Ärzte-Vereinigung: Mehr Meldungen zu gefälschten Impfpässen

15.10.2021 In Thüringen sind offensichtlich immer mehr gefälschte Impfpässe im Umlauf. Entsprechende Hinweise hätten sich zuletzt gemehrt, teilten die Kassenärztliche Vereinigung Thüringen (KVT) und das Gesundheitsministerium am Freitag mit. Nach Angaben des Pandemie-Stabsleiters der KVT, Jörg Mertz, wurden allein seit Montag mehr als 20 Fälschungen bekannt. Die Zahl habe sich im Vergleich zu den Vorwochen exponentiell erhöht. Seit Montag gibt es auch keine kostenfreien Bürgertests mehr.
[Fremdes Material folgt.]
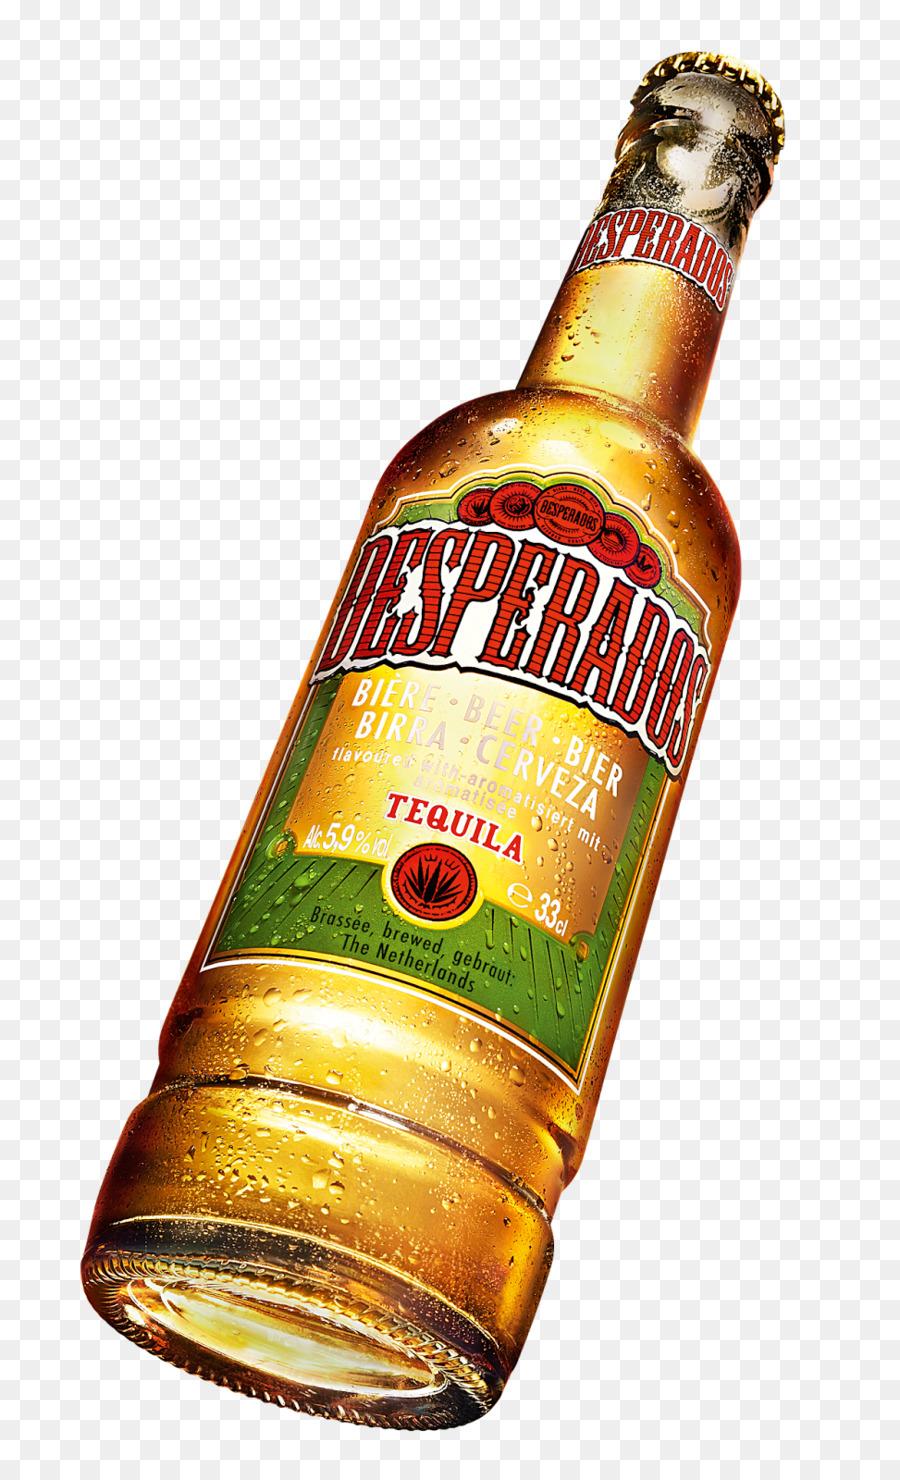 Beer Cartoon Png Download 973 1600 Free Transparent Lager Png Download Cleanpng Kisspng

Ein Impfbuch liegt auf einem Tisch. Foto: Fabian Sommer/dpa/Symbolbild © dpa - Deutsche Presse-Agentur GmbH

«Wir gingen eigentlich davon aus, dass sich nun mehr Menschen impfen lassen», sagte Mertz. Stattdessen habe überraschenderweise die Zahl der gefälschten Impfpässe zugenommen. Menschen versuchten damit, bei Apotheken digitale Impfzertifikate zu erlangen. Diese können dann etwa als Impfnachweis für die Gastronomie genutzt werden.

Die KVT hat nach eigenen Angaben bereits erste rechtliche Schritte eingeleitet. «Die kriminelle Energie, die hinter den Fälschungen steht, ist erschreckend. Wir werden alle Fälle, die uns bekannt werden, zur Strafanzeige bringen», sagte die KVT-Vorsitzende Annette Rommel.

Die Kenntnisse zu Fälschungen im Impfpass und von Impfstempeln hätten zuletzt ein besorgniserregendes Level erreicht, hieß es weiter. Die KVT wies darauf hin, dass sämtliche Stempel für Impfstellen und Impfzentren im Freistaat ausschließlich von ihr in Auftrag gegeben werden.

«Dieses Verhalten ist absolut verantwortungslos und bringt andere in Gefahr», erklärte auch Gesundheitsministerin Heike Werner (Linke). Urkundenfälschung sei kein Kavaliersdelikt. Der Straftatbestand kann in schweren Fällen mit einer Freiheitsstrafe von bis zu zehn Jahren geahndet werden.